Je kunt moeilijk op de bank bljven zitten, totdat er iemand uit het niets bij je voor de deur staat..  :maf: 

En ieder doet het op zijn/haar eigen manier.

 :Smilie:

----------


## mo7ammedje

> _Geplaatst door allure_ 
> *Je moet er wel iets voor doen.
> Je kunt moeilijk op de bank bljven zitten, totdat er iemand uit het niets bij je voor de deur staat.. 
> 
> En ieder doet het op zijn/haar eigen manier.
> 
> *


ja precies,

Ik bedoel ik ga niet wachten totdat ik een ons weeg!! want dan ga ik dood en is het en vorm van zelfmoord  :Wink:  

Nee neem wel iniatief maar met respect en mate.
Dat is mijn mening

----------


## Kariem73

daar zit wel wat in!!

dus wat moetik nu doen?


KAriem  :blozen:

----------


## haihai

Lieve zuster, Je liefdevolle intentie schijnt door je woorden heen en je bezorgdheid ontroerd me. Ik dank je daarvoor! Maar heb je wel eens gehoord van vertrouw op allah maar bindt wel je kameel vast.  :student:  Dit is net zoiets en de grappenmakers vissen we er wel uit inschallah. Moge God hun hele leven tot een grote grap maken. Er zijn ook mensen die via deze weg hun geluk vinden. Dat ze nu misschien in een verschrikkelijk huwelijk zitten weten we gelukkig niet. Maar ja moet toch wat. Voor een moslim is het zo belangrijk om te trouwen. Om nou mijn hele leven in vasten door te brengen. Nou ja het zou kunnen

----------


## benai

Salaam lieve zuster, 

Ik wou je bedanken voor je wijze woorden op dating maroc.nl

Het lot van iedere persoon is al door allah soebhana wa taallah al vastgesteld. En inderdaad met een beetje sbar komt alles goed.

Salaam wa aleikom

een zuster

----------


## haihai

Nou lieve zusters,

 :droef:  Het enige dat je moet doen is je ervoor open stellen. En dan kom je em vanzelf tegen. Als het goed is. En het maakt eigenlijk ook niet uit allemaal. Alles heeft zijn voor- en nadelen. En internet is een optie maar het beste is het via kennissen te proberen. Laat ze weten dat je wanhopig bent en wie weet  :melig2:

----------


## NaimaSoussia

ha ha ha laat ze weten dat je wanhopig bent.

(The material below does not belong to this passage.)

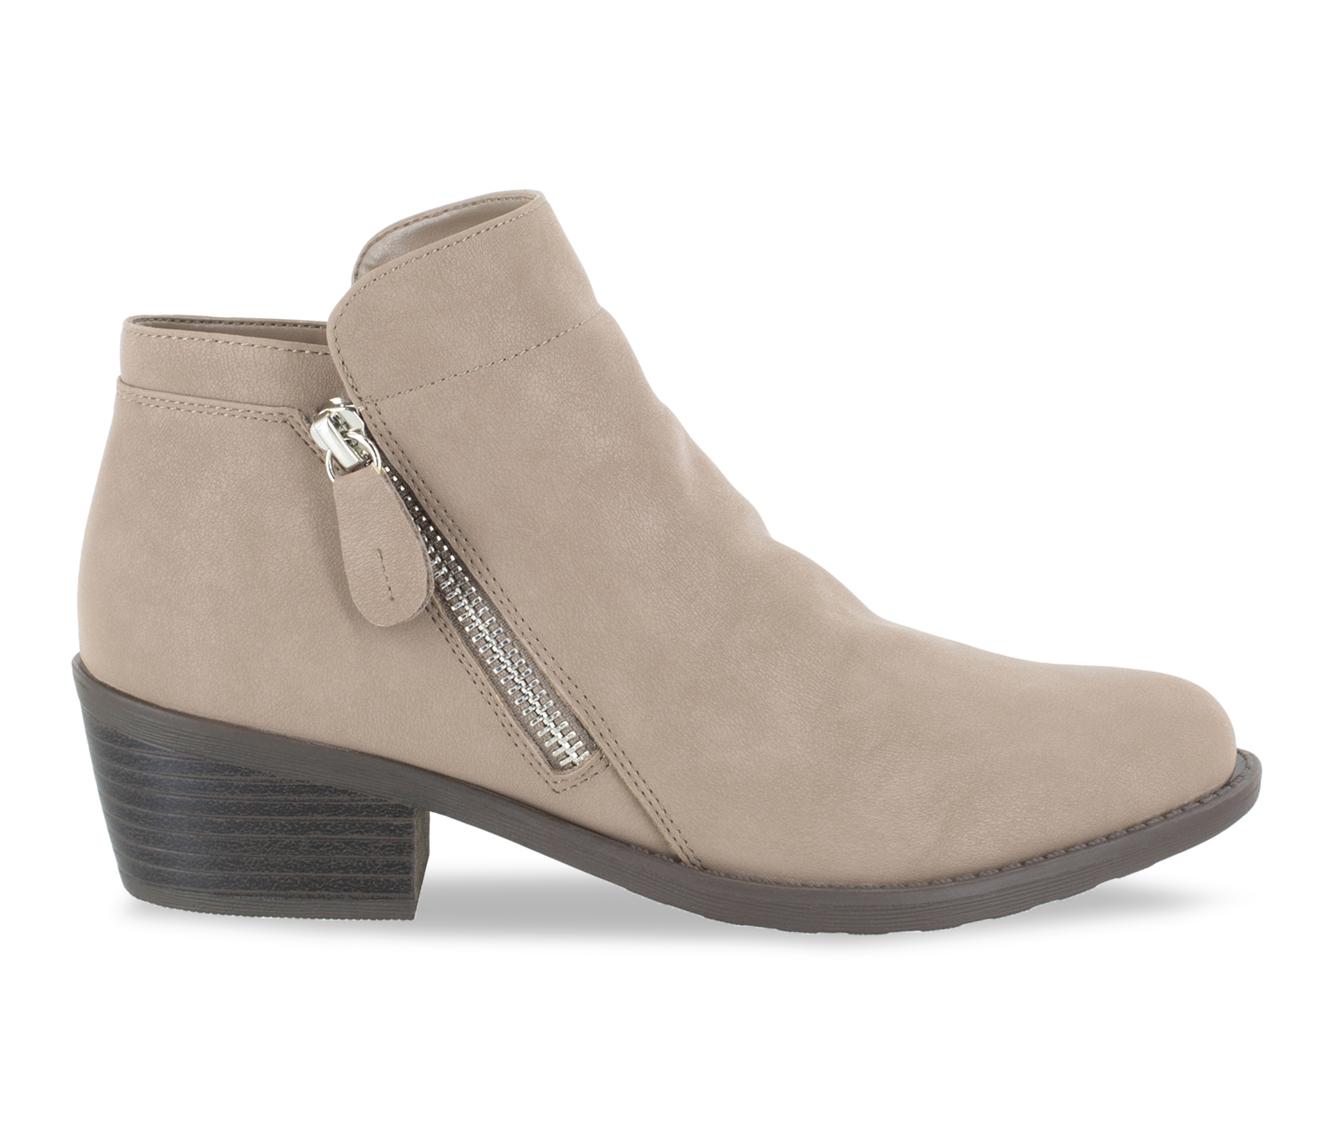 Easy Street Gusto Women's Boots (Beige - Canvas)

tfoe ik zie het al voor me, he mensen willen jullie een beetje voor me rondkijken. please?  :dood:

----------


## mallory

Ja dat is heel lief en heel juist wat je zegt, maar hoe weet je nu zeker welke man de ware voor je is. Er zijn zoveel echtscheidingen de laatste tijd. Ik heb geduld maar toch ben ik bang om de verkeerde te kiezen. Stel dat je trouwt en je hebt kinderen enzo en dan gaat het niet meer goed tussen man en vrouw en ga je scheiden, waarom hen je dan die man getrouwd? Ik wil maar n man in mijn leven, mijn ware liefde maar wie gaat mij vertellen wie dat is?

----------


## Boussa_kiss

> _Geplaatst door soukena81_ 
> *salam aleikom
> 
> 
> lieve zusters
> 
> ik wil jullie het een en ander kwijt over het zoeken van jullie partner. ik gun voor ieder van jullie het aller beste en het geluk van de weleld met het zoeken, wat ik wil zeggen dat het via deze manier (dus via dating )toch een moeilijke weg van zoeken is, daar bedoel ik mee doe het via deze weg niet want er zijn zo veel mannen die niet serieus zijn en het anders zien. dus hier wil ik niet mee zeggen dat alle mannen zo zijn maar de meeste wel .
> 
> meiden geloof in het lot de voorbesteming van allah. allah sabhana thalah heeft jullie leven al vast voorbestemd en heeft jullie partners al uitgezocht dus geschreven met wie jullie gaan trouwen.
> ...


Salaam aleykoem

Toch blijft het moeilijk om je ware tegen te komen, zeker voor bekeerde moslim's. Wij hebben geen familie die ons kan helpen in onze weg naar het huwelijk. Dus waar moeten we ze tegen komen? Weet je hier misschien een antwoord op?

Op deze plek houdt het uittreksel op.